A combination of budget reductions, reduced staff, and an increasing number of listed species in the United States Fish and Wildlife Service’s (US FWS) Southeast Region resulted in a large backlog of Recovery Permit Applications as of Fiscal Year 2014. Permits are issued pursuant to Section 10(a)(1)(A) of the Endangered Species Act to authorize recovery activities involving listed species; thus, a backlog of permit applications can have important implications to species recovery. In addition to the backlog, the only performance criteria being used to assess the effectiveness of the Recovery Permit Program was a measure of quantity (i.e., the number of permits processed), while there was no means in place to assess the relative conservation value of permitted activities. Finally, data produced by permitted activities was often not collected in such a way as to allow direct assessment of FWS recovery objectives. Using a decision theoretic approach, US FWS Regional Office (RO) and Field Office (FO) biologists in the SE Region worked to improve program efficiency and effectiveness by strategically redesigning the recovery permit application & reporting process.
Results/Conclusions
While framing the problem, it was recognized that the permit application backlog needed to be cleared as a means to address the more ambitious goal of developing a more effective program in terms of species recovery. To this end, a number of efficiency measures that minimized processing time were identified and subsequently adopted by the Region. Once these alternatives were identified, alternatives for revising were developed to meet objectives including maximizing species recovery, maximizing public service, and minimizing cost.

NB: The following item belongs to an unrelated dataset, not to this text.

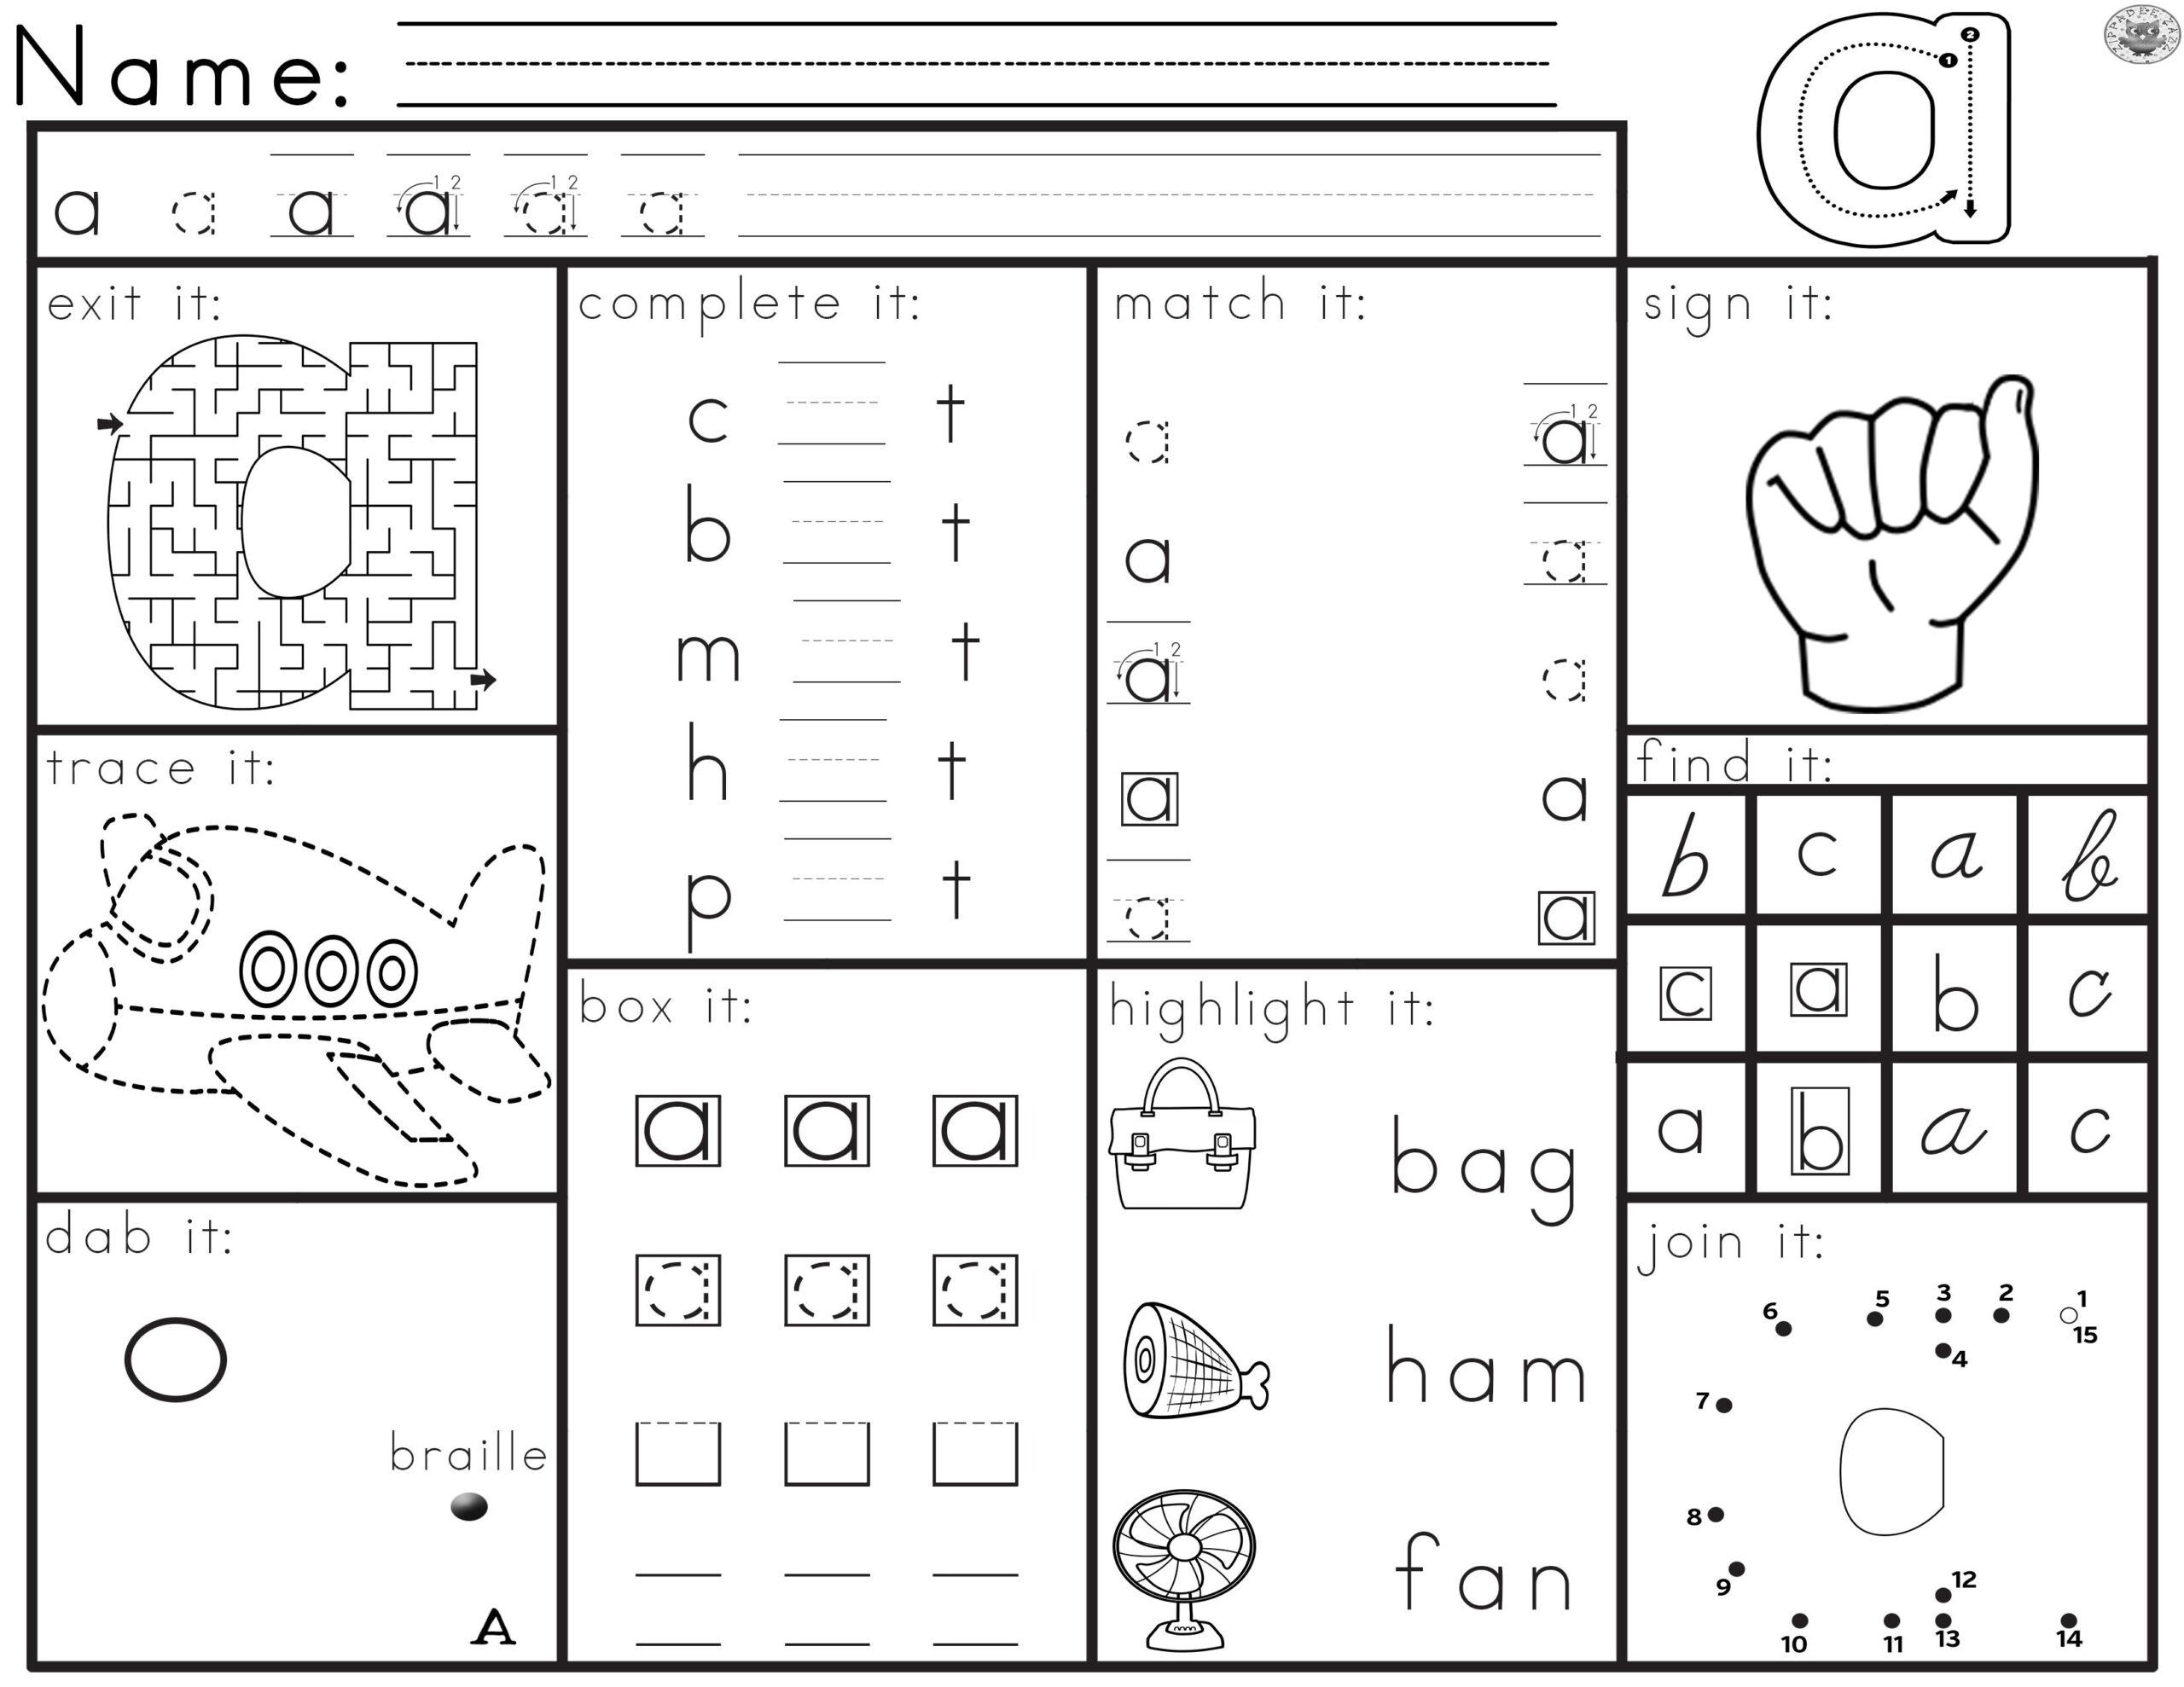 Letter Recognition Activity Worksheets Each Worksheet intended for Alphabet Recognition Worksheets For Preschool

Delegation alternatives, involving revisions to how processing was delegated, and expert system alternatives, involving the development of a system that would automate much of application processing and permittee reporting, were considered along with a status quo alternative. A Bayesian Network modeling approach was used to identify the expected value for each alternative in terms of objectives. The status quo alternative was clearly sub-optimal to other alternatives, while the delegation and automated system alternatives had similar expected values. Sensitivity analysis revealed that the decision was sensitive to the relative utility weights associated with recovery and cost objectives, but the decision did not change over the range of weights associated with the public service objective. The expected value of the decision was most sensitive to initial and annualized costs associated with alternative implementation.